# Receiver without smart card? Sooo what?



## Driver_1

What's the smart card for? What can you not do if you don't have one?

Some ebay receivers have none, and check out zero balance when cross checked at Dish...

AND, are old cards good? I have one in an old box (301 or 311, not sure), and I have an old DTV model DRD502RB with card, and a Hughes HIRD-D1, with card.


----------



## garys

Smart cards are for security, all new Dish receivers have one built in, when hackers start having success getting their programing for free, Dish sends out new smart cards thus making hackers lose the stolen programing. Depending on the model receivers you have with older smart cards, they can still be reactivated with Dish supplying you with a new card in order to get the receivers to work. I cannot confirm Direct tv's procedure, but I'm sure they upgrade their cards as well.


----------



## boba

If you buy a used receiver without a smart card you will have to buy a new card from DISH or the receiver is a boat anchor. If you have a 301 it has a smart card inserted if you have a 311 the smart card is built into the circuit board. The blue cards were replaced with the yellow smart cards and are worthless, the yellow cards are almost replaced with purple cards and could be shut off at any time.


----------



## paulman182

Isn't it true that you can get NASA, a few other public service, and the barker channels with no card?

I'm pretty sure last time I tried my deactivated Dishnetwork receiver I got those channels.
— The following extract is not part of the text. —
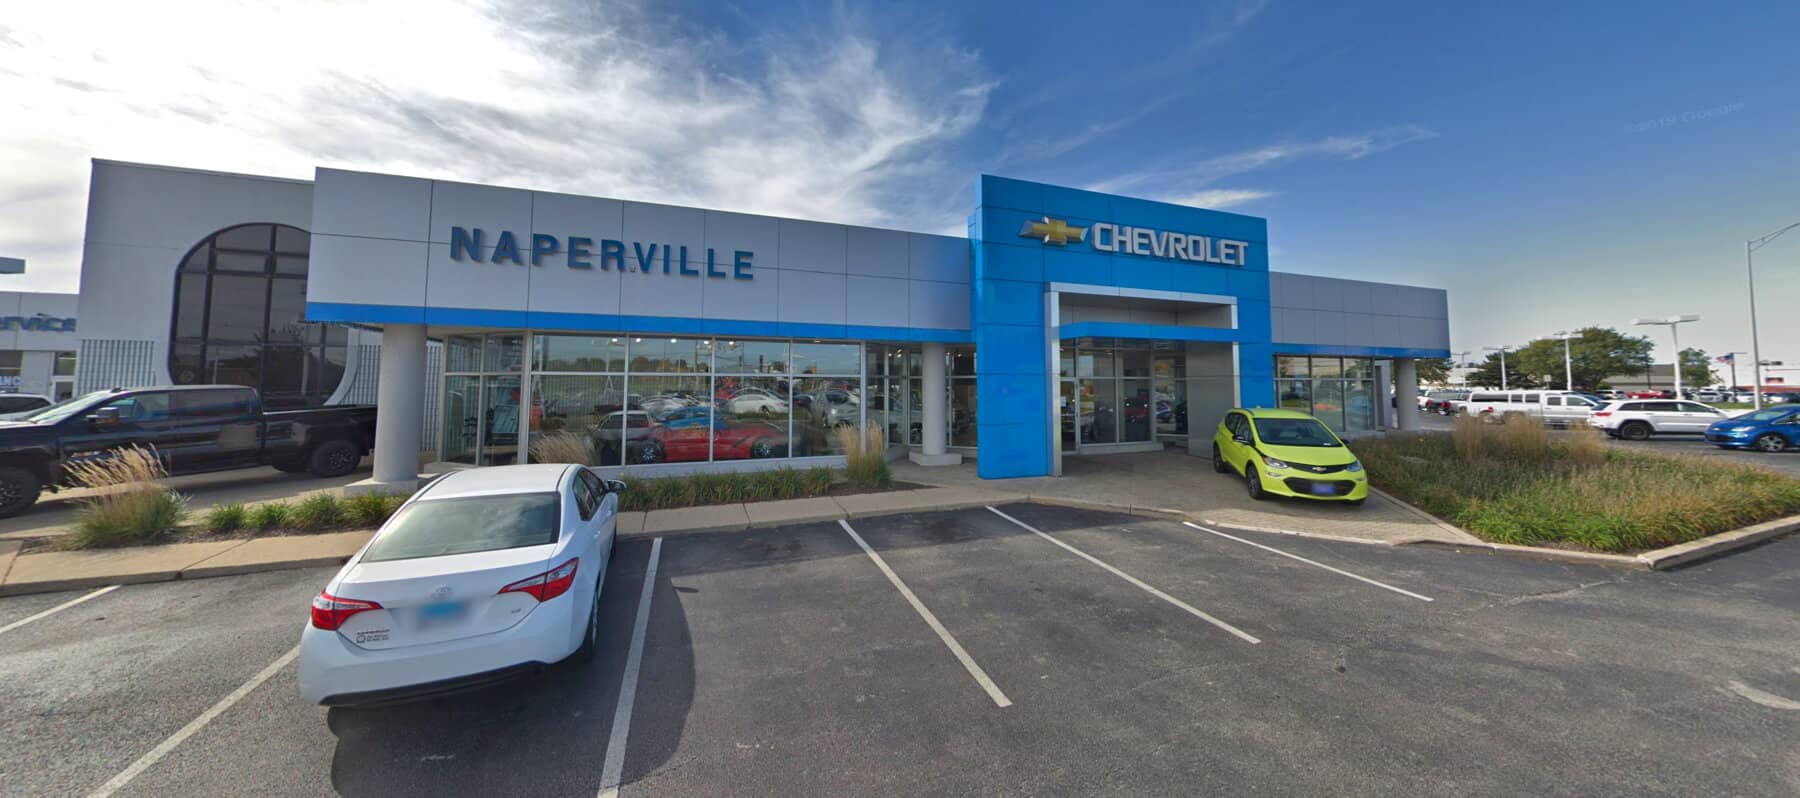 An exterior shot of a Chevrolet dealership during the day

The receiver did have a card, just no subscription.


----------



## coldsteel

Yes, those are always available, since they're public interest and Dish gets paid by the 'barker's (nice term, BTW. Will blatantly steal it.  ) to always show those channels. That's why you still have some programming, even when suspended/cutoff.


----------



## JohnH

Since DiSH is doing the "barking" they do not get paid except by themselves. 

BTW: Some of those receivers will stop functioning after a predefined period without a valid subscription.


----------



## tnsprin

paulman182 said:


> Isn't it true that you can get NASA, a few other public service, and the barker channels with no card?
> 
> I'm pretty sure last time I tried my deactivated Dishnetwork receiver I got those channels. The receiver did have a card, just no subscription.


It use to be impossible to use the receiver without a card. I am not sure that you can use the receiver with say an expired built-in card, but it may work.


----------



## garys

tnsprin said:


> It use to be impossible to use the receiver without a card. I am not sure that you can use the receiver with say an expired built-in card, but it may work.


Once Dish replaces cards on a particular model. You need a new card to get it to work. You may be able to view some of the FTA channels Dish has, but you will get the frequent "You need to update your smart card." messages.


----------



## peano

Carded receivers will not work for any channels without a card. They will come up "Smart Card Not Inserted Correctly"


----------